The ECBs which are permitted with a prior approval of the government and the RBI are known as Approval route. Here the applicant is needed to submit in form ECB through designated AD bank to the chief general manager-in-charge, foreign exchange department, Reserve Bank of India, central office, external commercial borrowings division, Mumbai-400001 along with the necessary documents. Some of the eligible borrowers under Approval route are:
- The EXIM bank
- Banks and financial institutions which earlier had participated in the textile or steel sector restructuring
- Multi –state Co-operative Societies
- Developers of national manufacturing investment zones (NMIZs)
- Holding company/core investment companies(CICs)
Some of the eligible lenders under Approval route are:
- International banks, multilateral financial institutions
- Group companies.
- Indirect equity holders.
An amount more than USD 500 million can be repaid with the consideration of the RBI with the prescribed procedure. To refinance an existing ECB, a fresh ECB can be raised with a low all-in-cost only if the maturity of the fresh ECB is more than the residual maturity of the existing ECB.
Rules and Regulations
The Government of India in collaboration with the RBI has changed the norms and regulations for the issue of ECB from time to time. The new rules were announced by the RBI in November 2015.

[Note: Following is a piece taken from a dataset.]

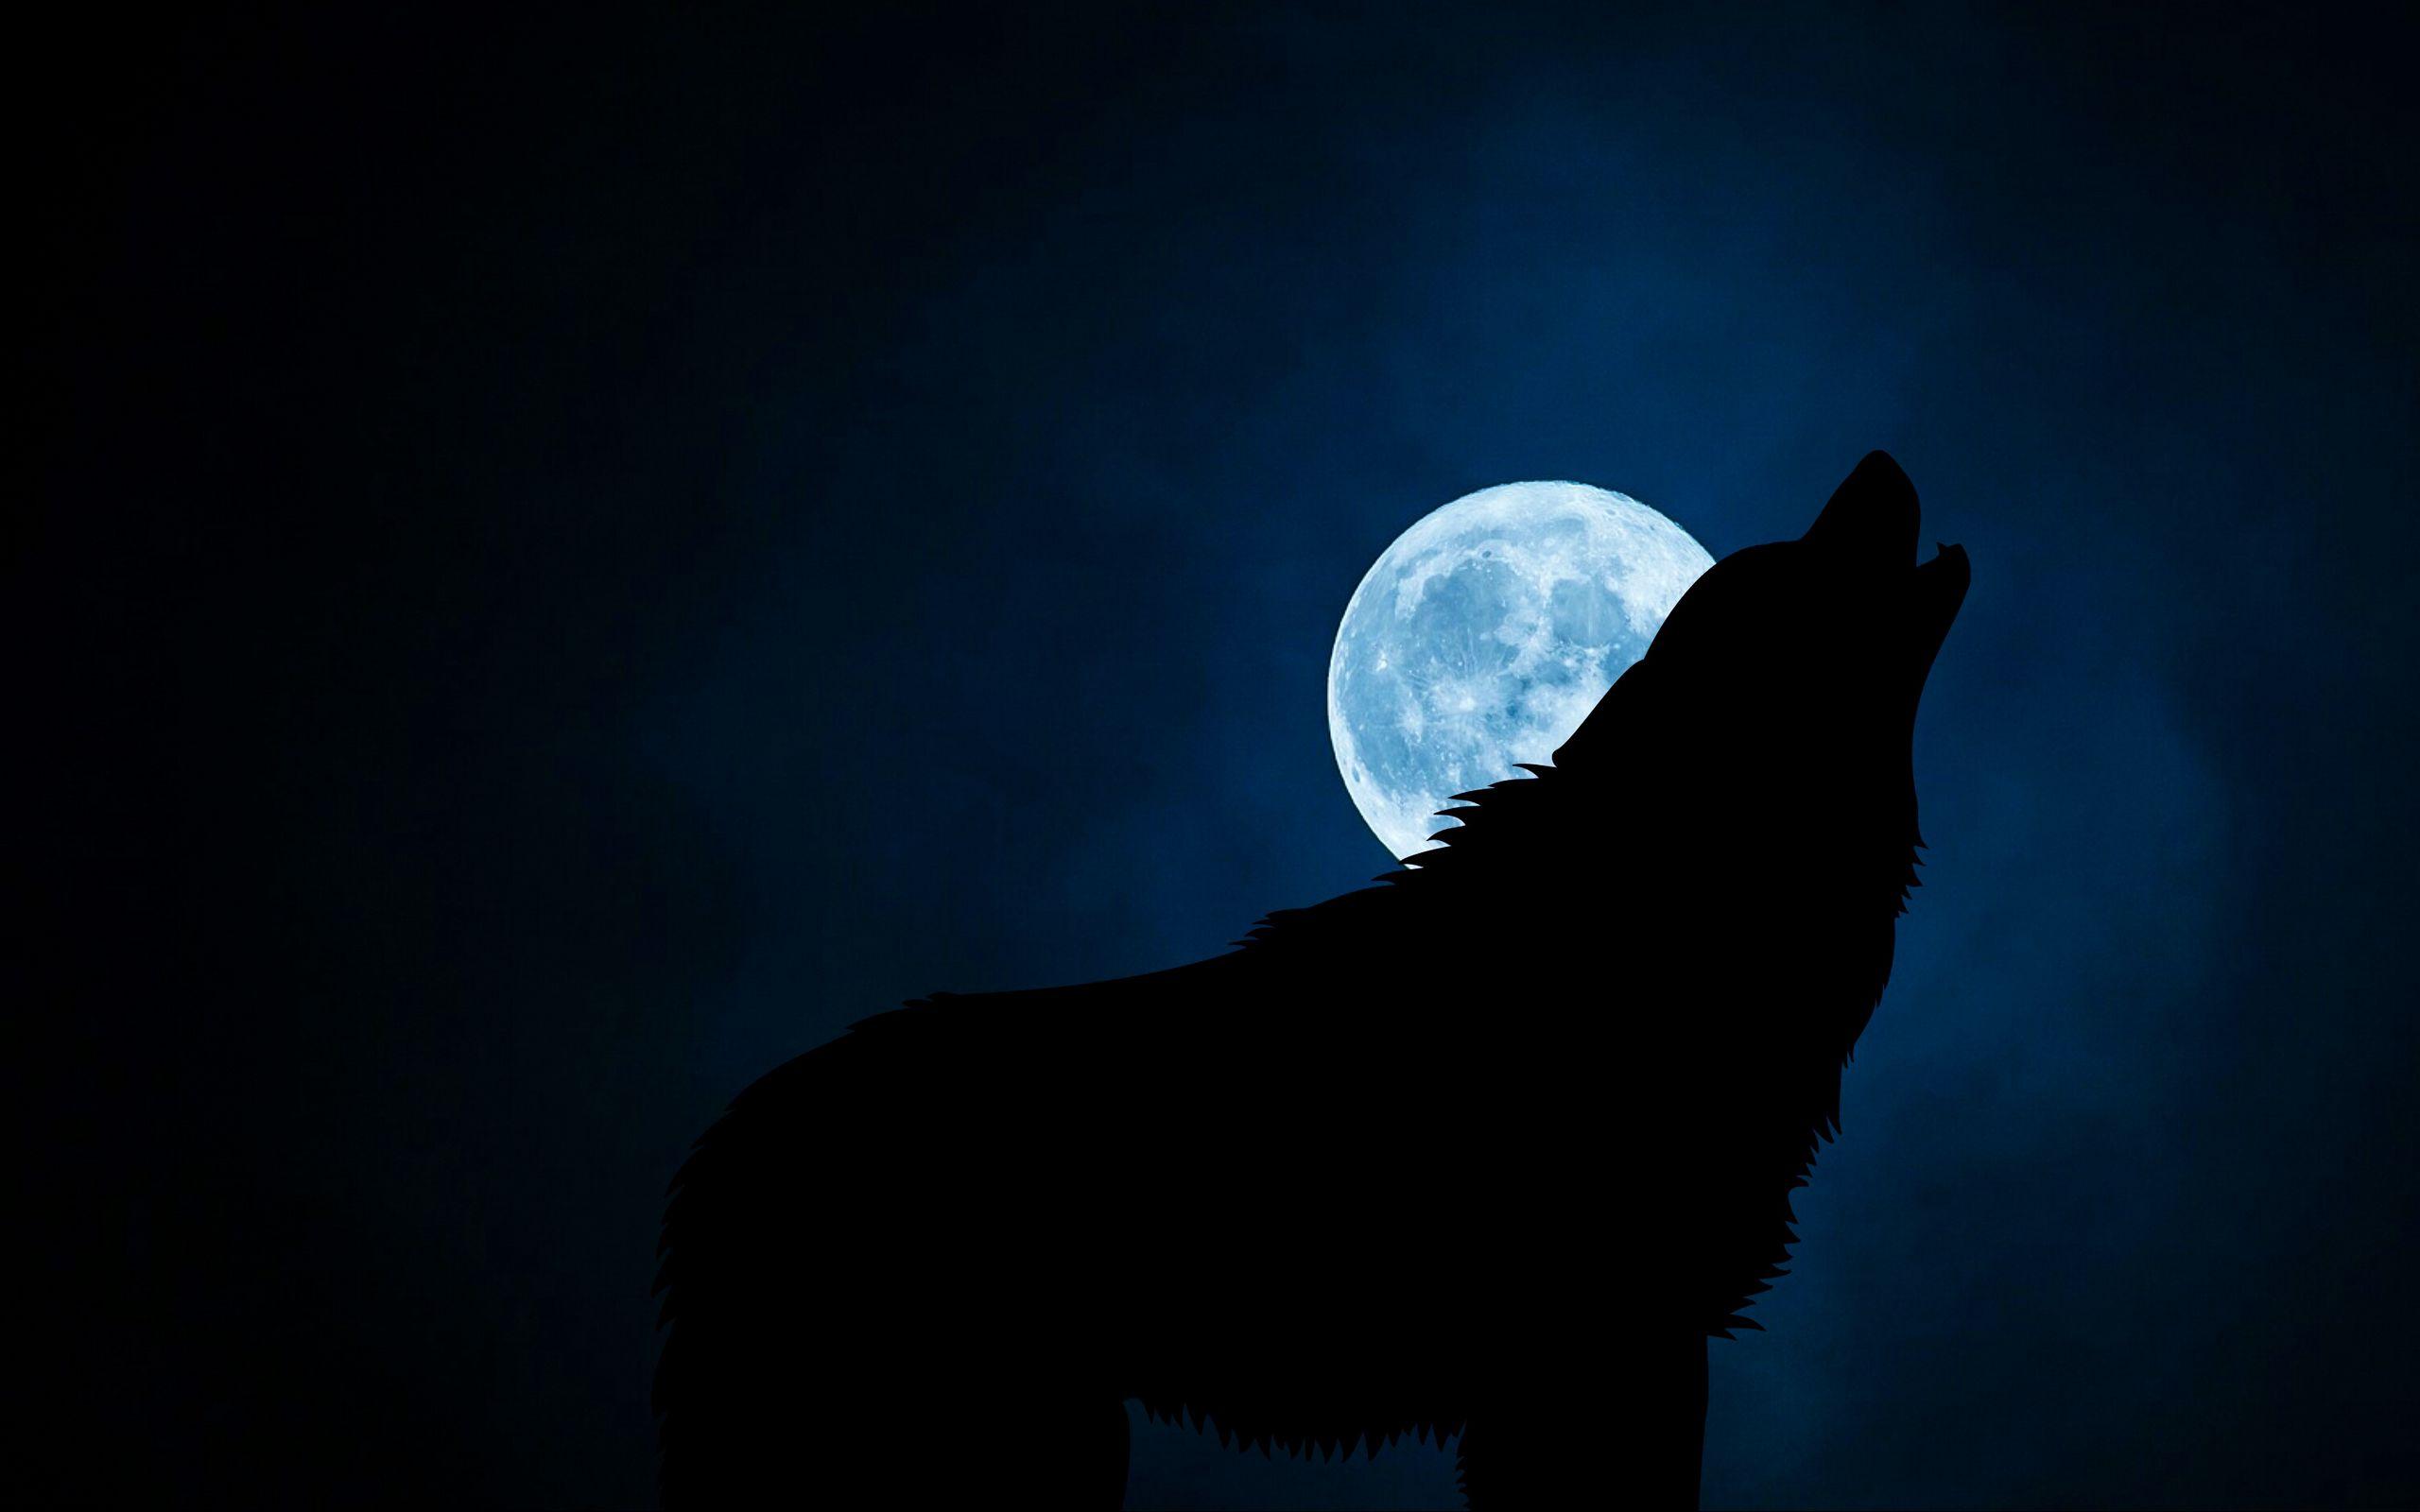 2560x1600 Wallpaper wolf, silhouette, moon, night

An individual borrower is allowed to borrow $750 million. Through the approval route, the manufacturing sectors can raise an amount up to $10 billion by ECBs whereas; the infrastructure sectors can raise an amount up to $20 billion by ECBs. The duration has also been changed as the companies importing capital goods can raise ECBs for a term of 5 years. Priority has also been given to the infrastructure sectors comprising of, telecom, power, oil exploration, roads, railways, and bridges but no such norm has been created for the housing finance companies. Their different tracks have been made. Firstly; the borrowings made for three to five years fall under Track I. Secondly; the borrowings made for a maturity period of 10 years known as Track II and lastly the rupee denomination borrowings made for three to five years known as Track III.

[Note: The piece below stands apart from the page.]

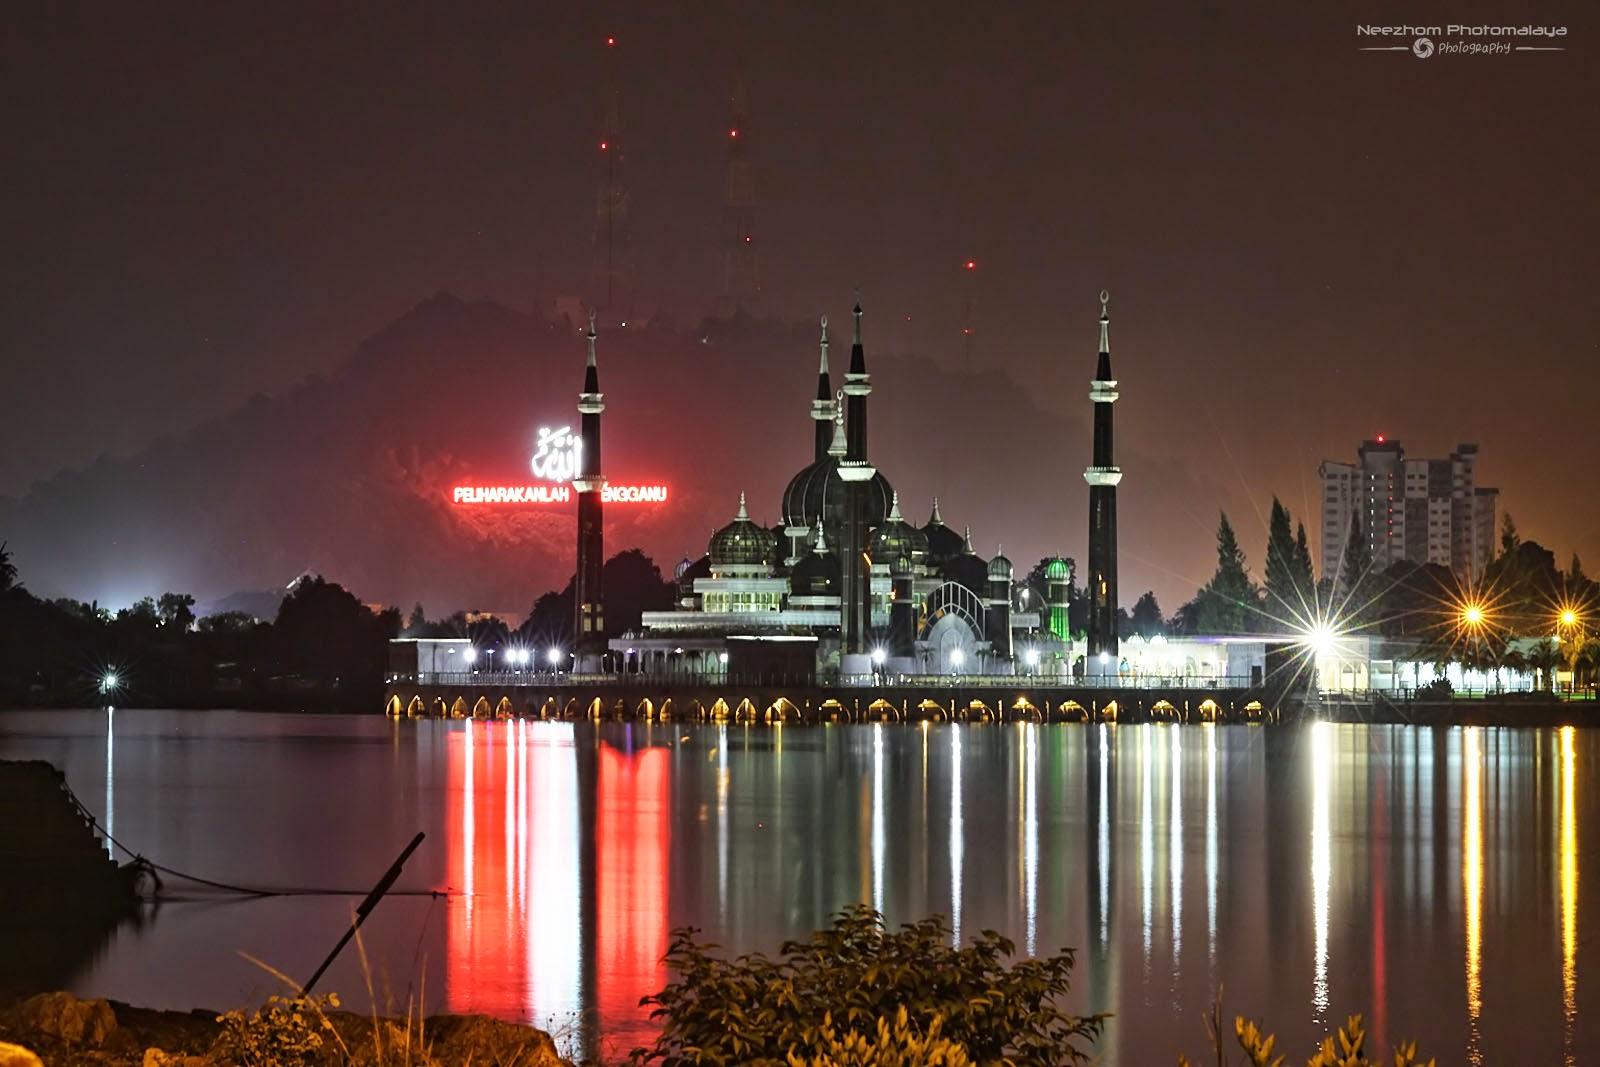 Signboard Allah Peliharakanlah Terengganu dan Masjid Kristal

The RBI plays a very important role in managing the matters relating the ECBs. It has set up an Empowered Committee to manage matters which fall under Approval route. The ECBs can be converted into equity shares by reporting such to the RBI fulfilling the necessary conditions prescribed in this manner. The RBI may result by regulation, prohibit, restrict or regulate the borrowings through ECBs. The RBI has also been empowered to prohibit or regulate giving of guarantee or surety in respect of any borrowing made by any resident of India from any non-resident of India. The infrastructure and SME sectors are funded mainly through the ECBs which gradually helped the growth of the infrastructure of the country.

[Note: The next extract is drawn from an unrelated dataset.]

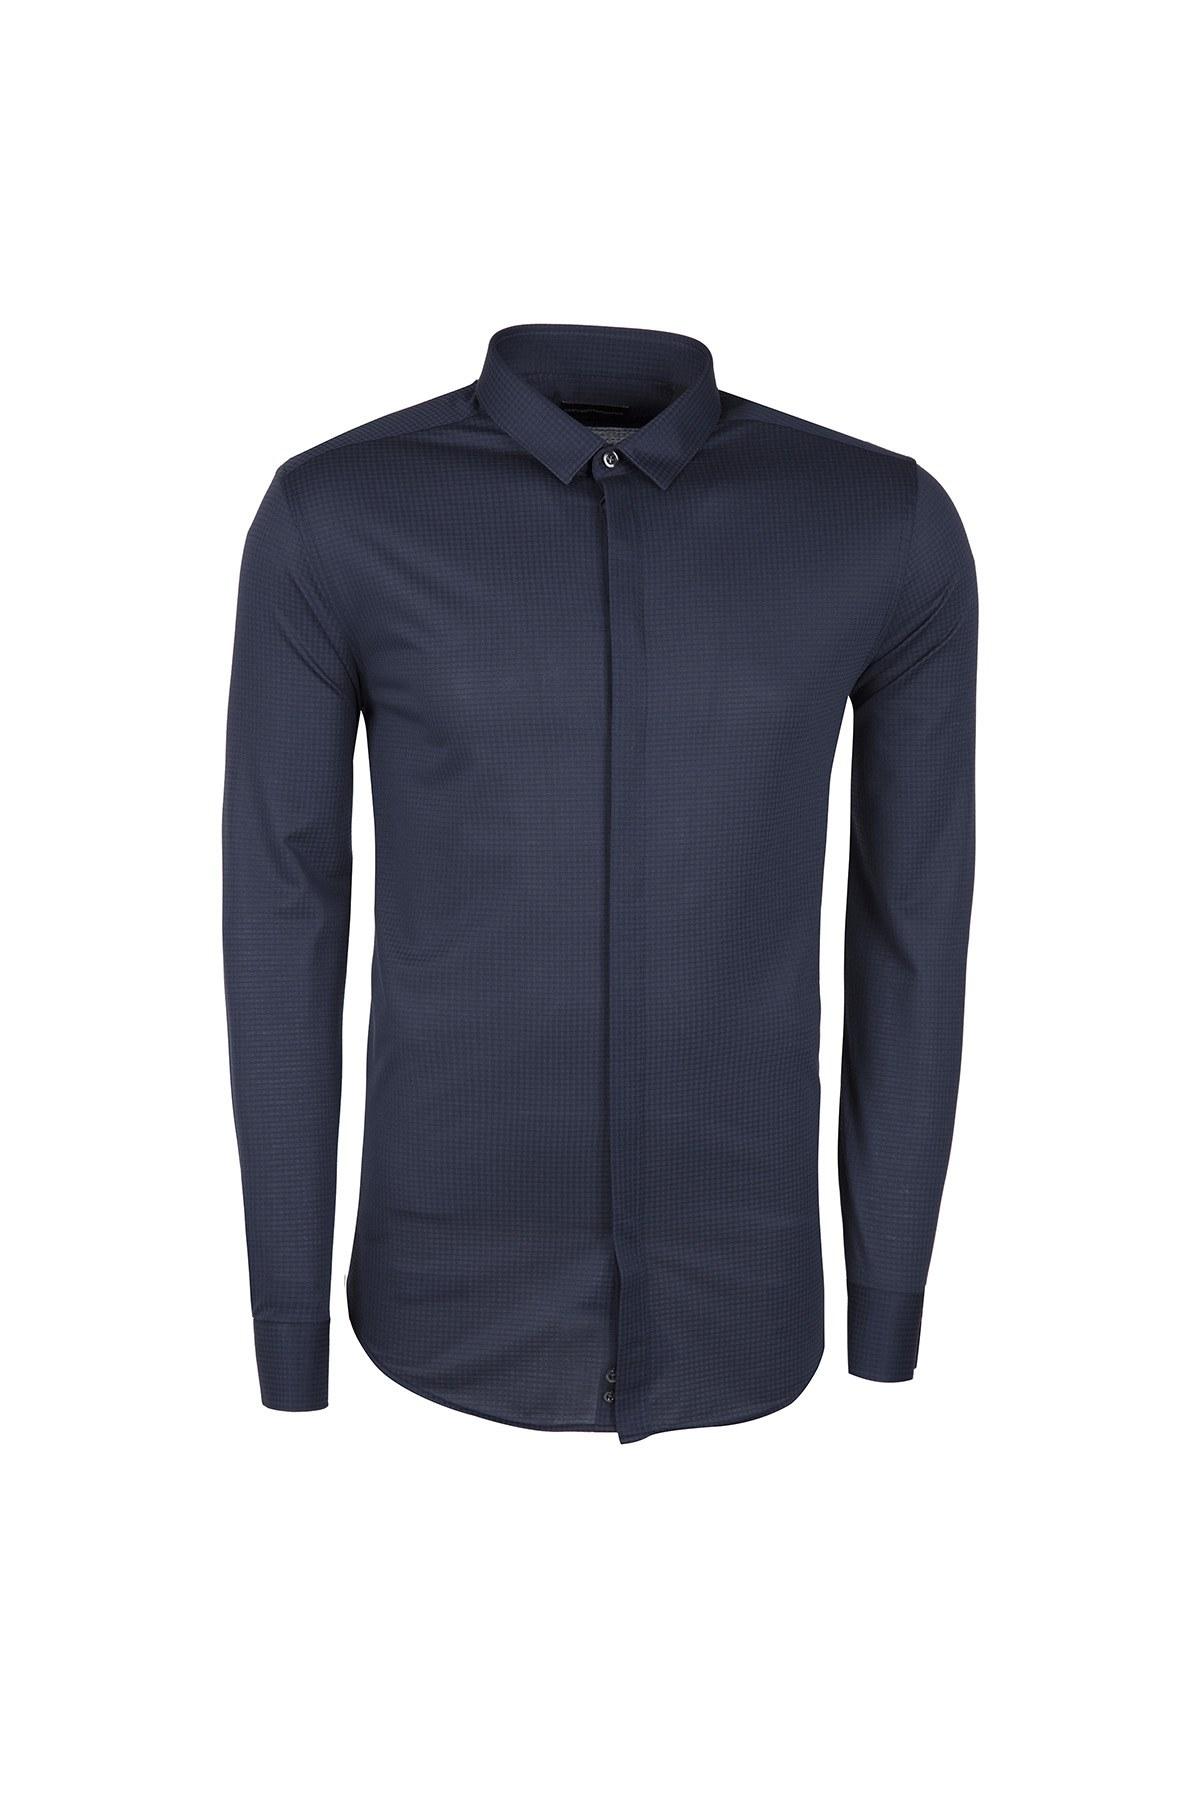 EMPORIO ARMANI Erkek Gömlek W1CC2T W160C LACİVERT

During the past few years, it is found that the Indian companies are showing more interest in the ECBs because at times it is found that the borrowings through the ECBs are much cheaper than the available loans in the domestic market. This leads to a huge inflow of foreign capital in the Indian market. RBI through its strict guidelines and by changing the norms from time to time assures that this does not lead to increase in external debt resulting in degradation of the Indian currency.